PROBLEM DESCRIPTION:
Could you restate word for word only the lines below from the one holding "Yemen Arab Republic" to the one holding "Ladies Healthcare Dress", inclusive, and leave out the pictures?

SOURCE MATERIAL:

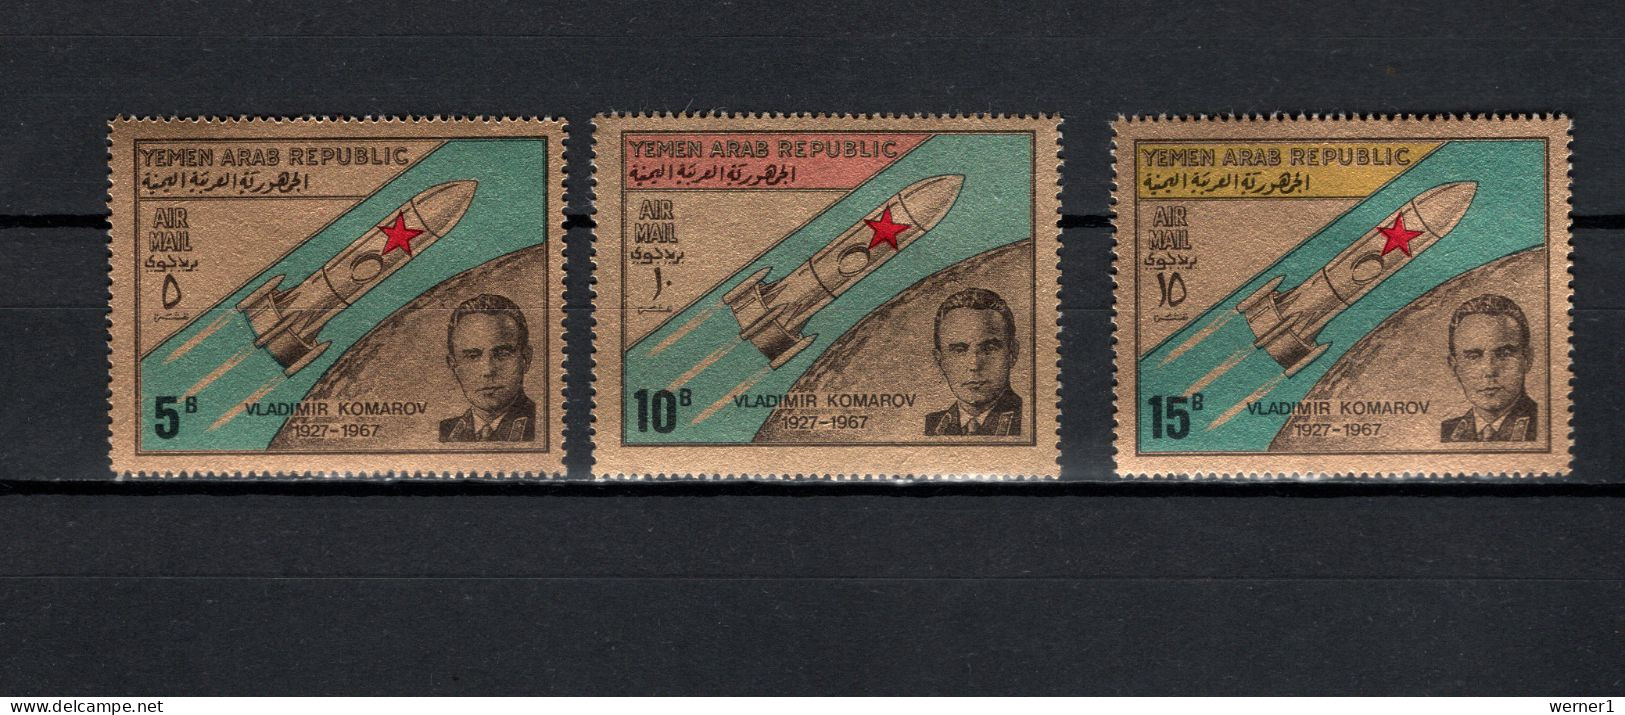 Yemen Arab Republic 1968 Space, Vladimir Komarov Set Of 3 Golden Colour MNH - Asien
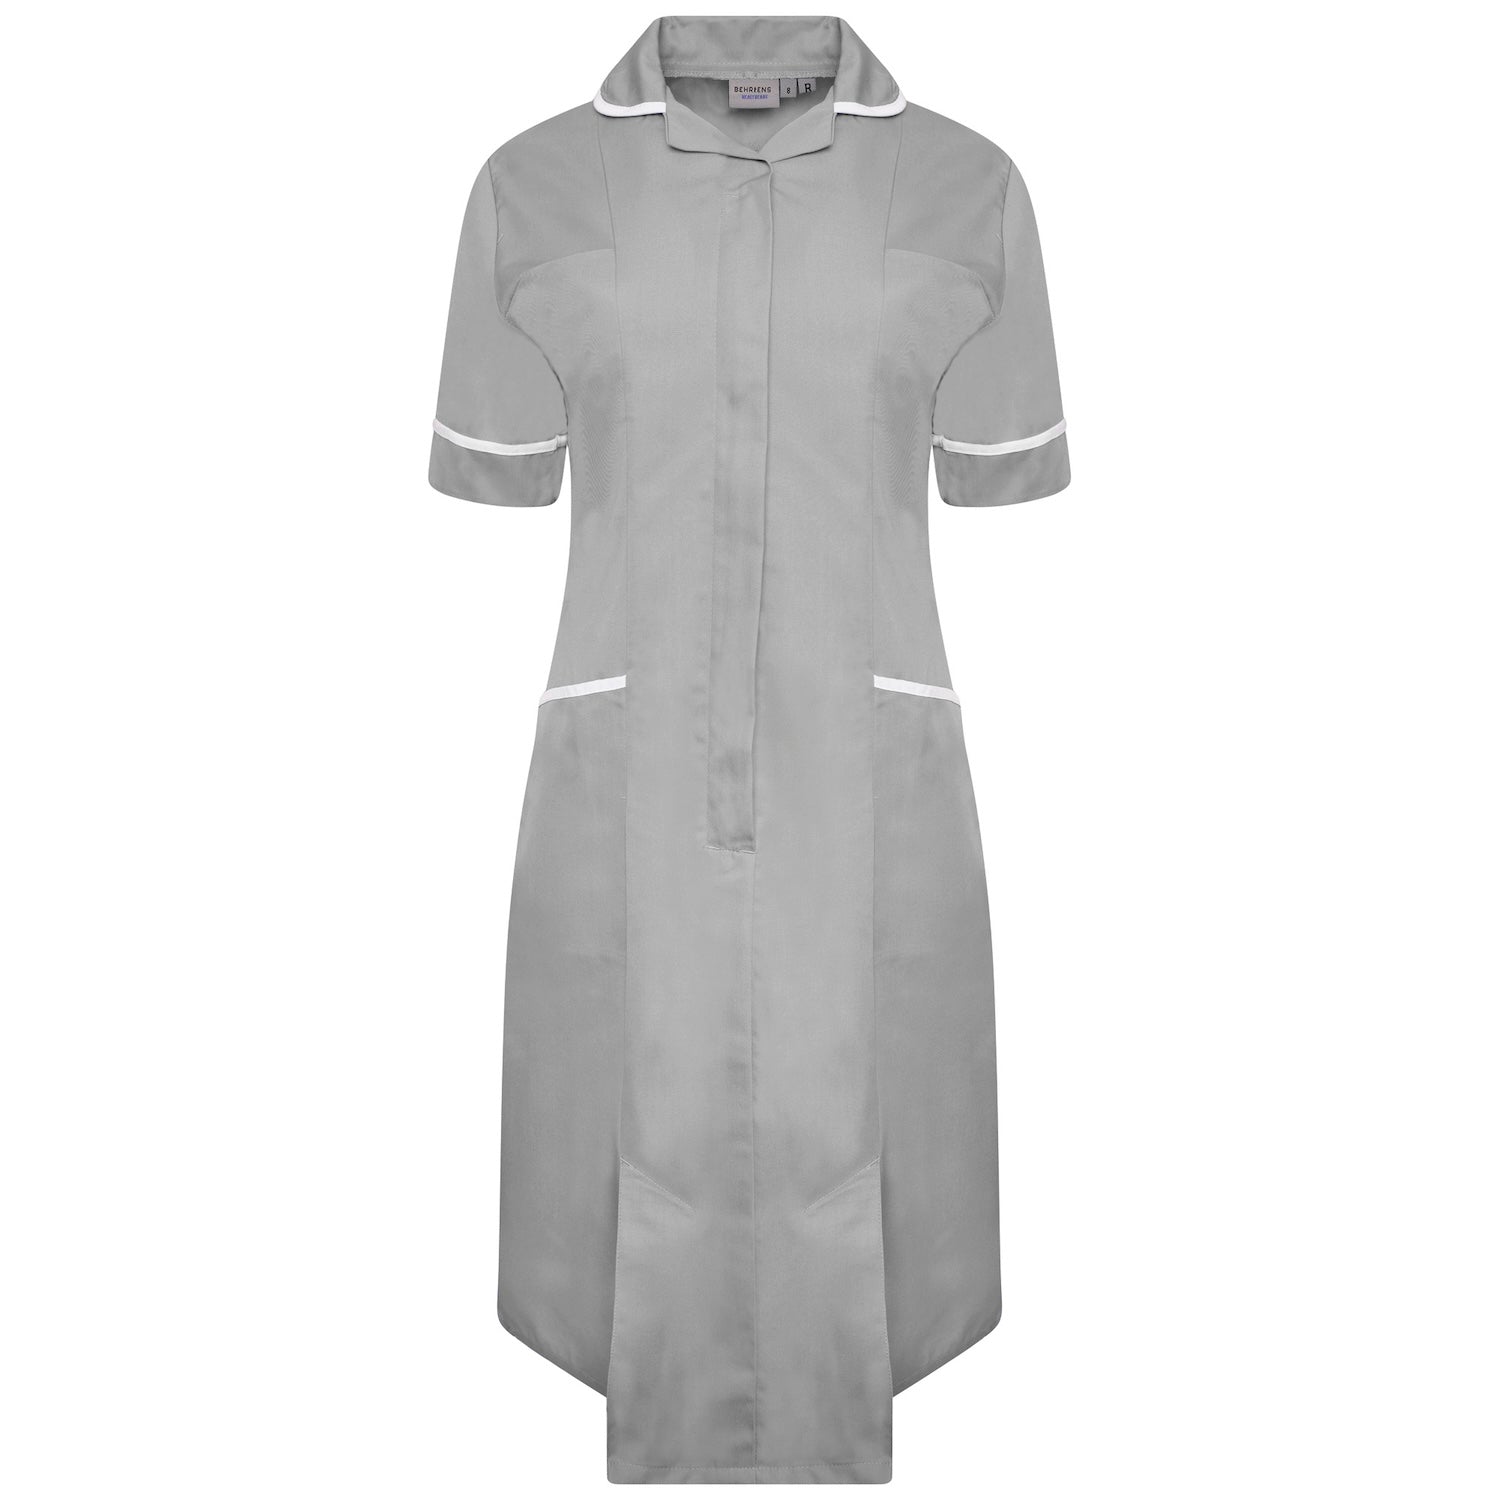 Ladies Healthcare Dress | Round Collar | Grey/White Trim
==
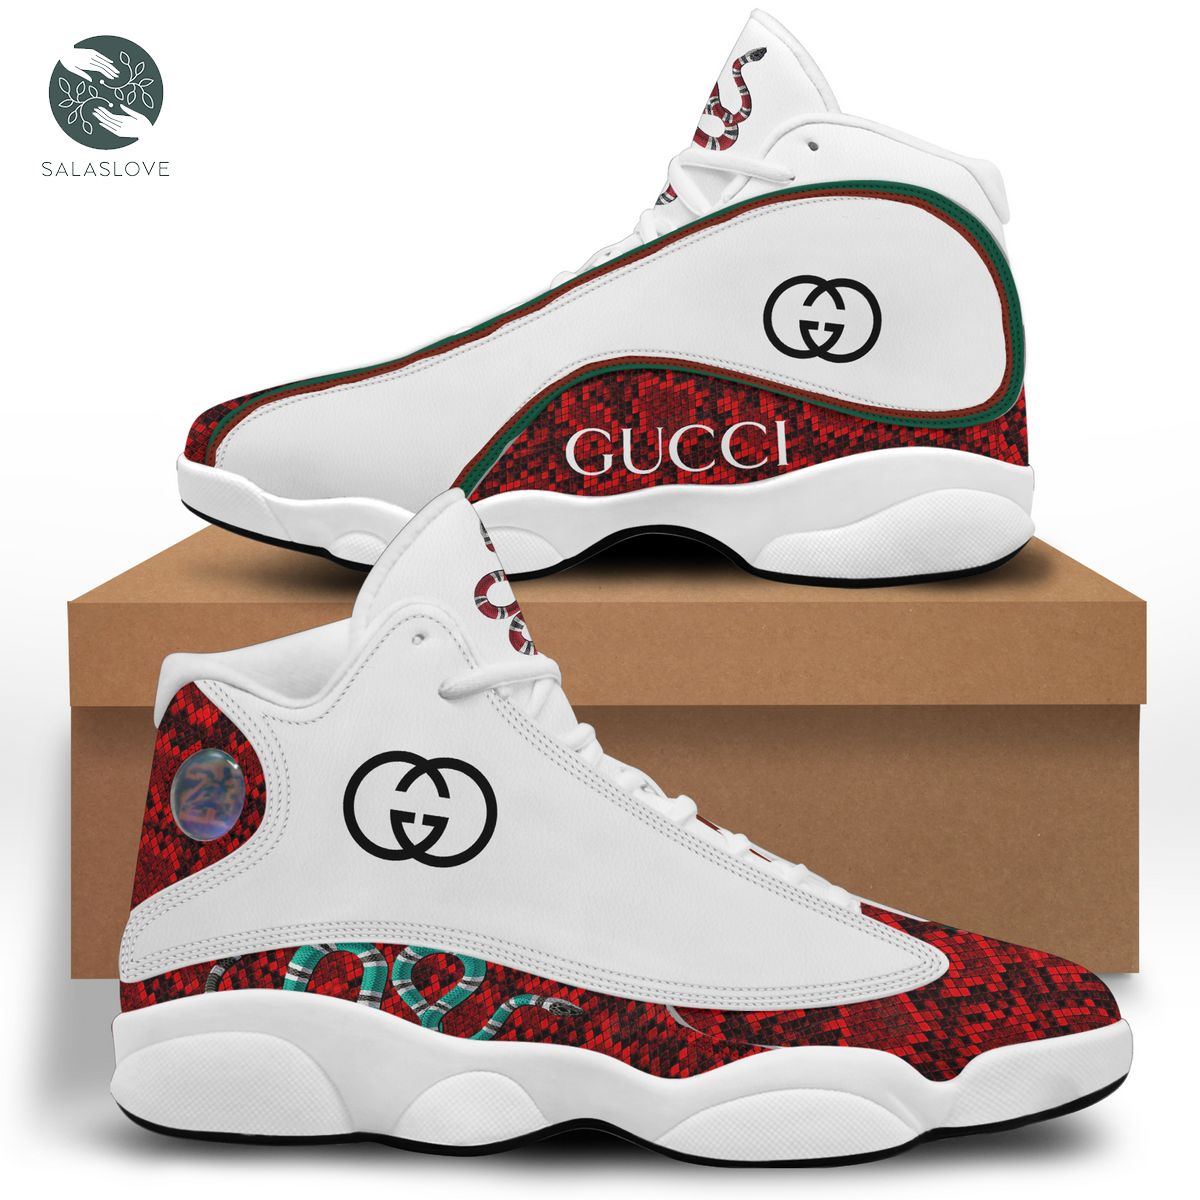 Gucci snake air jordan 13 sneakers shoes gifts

EXERCISE SOLUTION:
 Yemen Arab Republic 1968 Space, Vladimir Komarov Set Of 3 Golden Colour MNH - Asien
 Ladies Healthcare Dress | Round Collar | Grey/White Trim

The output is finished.